Joe’s commitment to sobriety at this point was merely to please Kris and prove that he was ready to be a father. Yet, he continued to struggle with drinking. Eventually, they got pregnant with their second child.
“She got pregnant again and we moved to West Jersey, a much more rural area, where we didn’t know a damned soul,” Joe said.
However, this would be a providential change. Joe ended up doing an intensive outpatient treatment program (IOP) at the local hospital there. And unlike other settings he had been in, many of the people in this program actually wanted to get sober, which made an impact on him. He was also attending 12-step meetings.

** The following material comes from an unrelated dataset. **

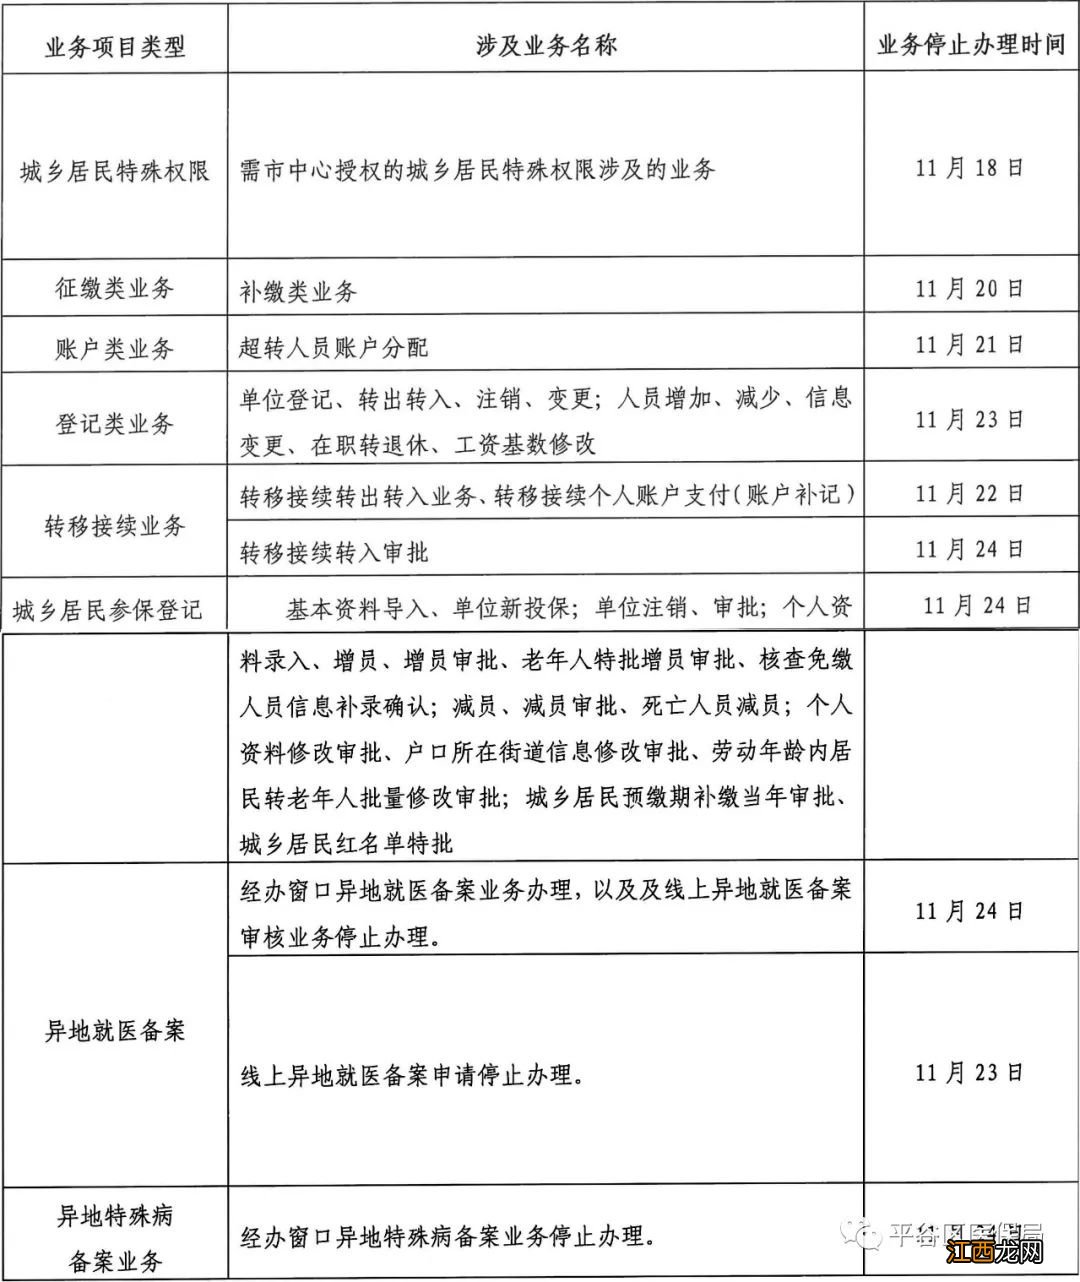 北京平谷区医保局医保信息平台切换的通知

“Around this time, now that my body and mind were clear from the alcohol, I started to have light bulbs go off during meetings and to realize I’m not the only one in the world who has gone through this,” Joe said. “My problems are the same as many other people’s and there are a lot of people out there who are a lot worse off than me. It put my life in perspective.”
Eventually, September 11th became another important date for Joe. But unlike the first in 2001, this second one in 2017 marked an event worth celebrating: his sobriety date.
At this time, as a stay-at-home Dad, he found himself with more time to watch TV. One day, for no apparent reason, he turned on the Catholic network EWTN. He began watching televised Masses and other programs about the Catholic faith. Then one night he did something he had not done in a long time.
“One night I just wound up praying. I had my eyes closed and I had a vision of Jesus in the Garden of Gethsemane and I was down on my knees and asking God to take this disease from me. I asked him, ‘Can you take this cup from me?’ And that is the point where I realized the power of prayer and slowly but surely I started getting more comfortable with my faith,” Joe shared. “I finally found the courage to go to Mass with my son, little Joey. My first Mass was on Saint Joseph’s Day.”
He started to grow close to his pastor and realized he was one of the priests on a show he watched on EWTN.
“Of all the churches in this country, I wound up at this parish with this priest from EWTN! I had my first confession after 25 years or so and it was just amazing,” Joe said. “I cried after to have heard the priest give me absolution and tell me that all of my sins before that point were forgiven.”
EWTN would come through again for Joe in a powerful way. Joe first heard about Scott Weeman, the founder of Catholic in Recovery, on the EWTN show Journey Home. Eventually, Joe purchased Scott’s book The Twelve Steps and the Sacraments and sent an email to Scott about starting a Catholic in Recovery group in his parish. Scott returned Joe’s call and left a voicemail when Joe was in Eucharistic adoration, reading Scott’s very book.
The effect of this fortuitous call from Scott wasn’t lost on Joe. It has marked the beginning of Joe’s journey of bringing Catholic in Recovery to his parish and, ultimately, of helping spread the mercy of God to those struggling with addictions and unhealthy attachments.